Sunday, June 10, 2012

'Daughter of Hope' released by Musa Publishing

Daughter of Hope, the first novel in my fantasy series The Siaris Quartet, has been released as an e-book   by Musa Publishing!  

 The fate of an entire world will be decided by the actions of one young girl.

The Guardians of Siaris have been warring for thousands of years, torn apart by betrayal and lost loves. Xereth waits patiently for his chance at revenge. The only thing standing in his way is one of his own offspring.

As Xereth's daughter, Revetia’s destiny is to help him destroy Siaris and those who wronged him, but Revetia's will is strong. With hope and help, she might be able to break free from Xereth's tight and treacherous grasp, but at what cost?

Sier has always tried to stay out of affairs that threaten his family's safety. When Revetia asks him for help, she forces him into a position that could cost his family, the elden, and humans their lives. Is he prepared to put those he loves and protects in jeopardy?

With the fate of Siaris resting on Revetia’s shoulders, will her actions trigger a war between gods, slaves, and Guardians?
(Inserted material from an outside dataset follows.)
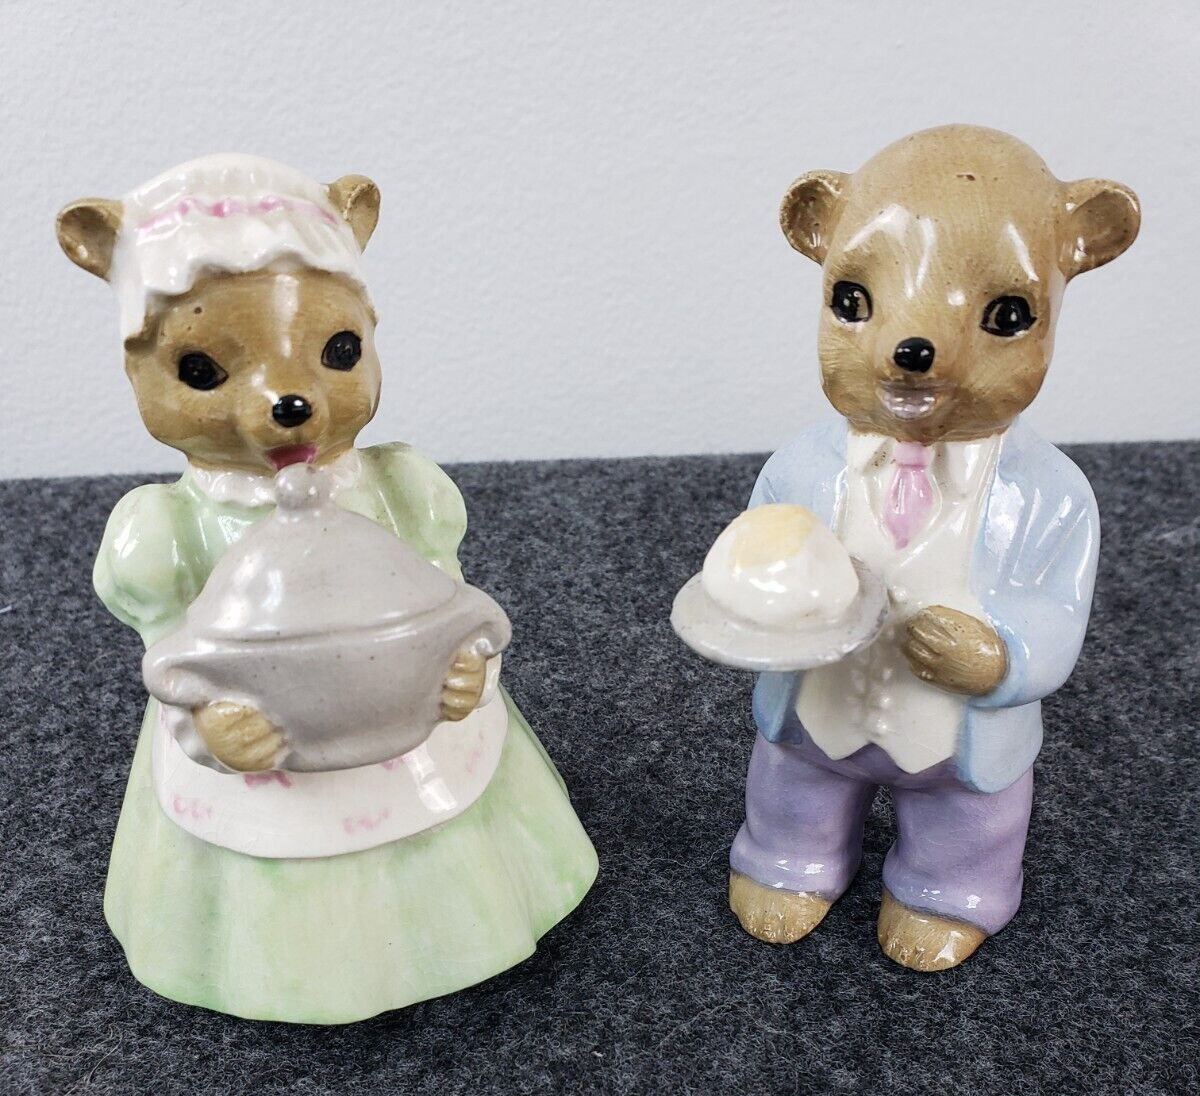 Vintage Fine A Quality The Three Bears Ceramic Figurines 1950s Japan 4in

The baby blinked, trying to clear her eyes. The dim space around her lay in a chilled hush.  A strip of light filtered across the torn covers surrounding her, over a curve of pale skin flecked with red. A long growl sounded from outside the room’s shadowed walls.

Wind, the baby named it.

She’d heard it – and other things – from inside her mother’s belly. Now it sounded much louder, and unfriendly. She wanted to reach for the expanse of flesh beside her, but couldn’t yet control her limbs. Her mother didn’t move. The silence of the room, the gale’s rush at the chamber, grew frightening. She shivered, a naked bundle of feverish heat and ice. She began to cry. The wind fought her voice, but she needed someone to come. Anyone.

Time dragged. The light around her stuttered and grew dull. Her hearing picked up a new sound, cautious steps husking along the hall outside the turret-room, until they came to a halt. A seamed face peered through a rectangle of darkness. Fingers clutched at the edge of a wooden frame, then jerked back as if they’d been stung. The fingers fluttered down over a worn tunic, shaking. The sound of rough breathing met the baby as a woman stepped into the room and edged closer to her.

The woman’s face shrivelled into deeper lines, her gaze roving across the bed. The picture in her mind reflected into the baby’s vision in all its blood-soaked destruction.  An elden woman lying on the shredded velvet cover, the ragged vestiges of beauty still visible through the contortion of her features. Smoke coiling in wisps from her hips and thighs, hanging thick on the air. The baby saw herself curled in a pool of light. Already, despite being so tiny, the sheen of power that had killed her mother during birth glowed out across the bed.

The baby noted her own skin was different to her mother’s. Blue. She felt the word fit itself to her…that this was her natural shade. But even so, couldn’t the bent figure creeping closer see her shock, the crisis gripping her body with shudders?

The intruder’s breath hissed. Her stare now settled on the glittering wings that rustled against the baby’s back, the downy feathers catching in the rumpled bedcover. The baby studied her, and saw that she was elden too, but diminished, improperly aged. The silence grew longer, the gale’s voice harsh. The baby huddled desperately, and fought to focus her mind on this person who still hadn’t come to her side.

She formed a question in her head, and forced it to cross the gap. Who are you?

“My name is Amya.” The woman’s voice sounded strangled, as if her throat had jammed shut.

Are you my – the baby searched for the word – nurse?

Amya didn’t reply. Her damp gaze had shifted back to the body on the bed.

Daughter of Hope is available from Musa here.

For the really keen, you can find out more about the story-world and characters of The Siaris Quartet novels at my blog.


  1. Congratulations Jo. It's wonderful to see this novel evolve from first draft to finished and published. And a fine novel it is. All the best with it. And I can't wait to see the next three in print. xxx

  2. Like Carol, I've watched this novel grow. It's a great read and I look forward to reading the rest of the quartet.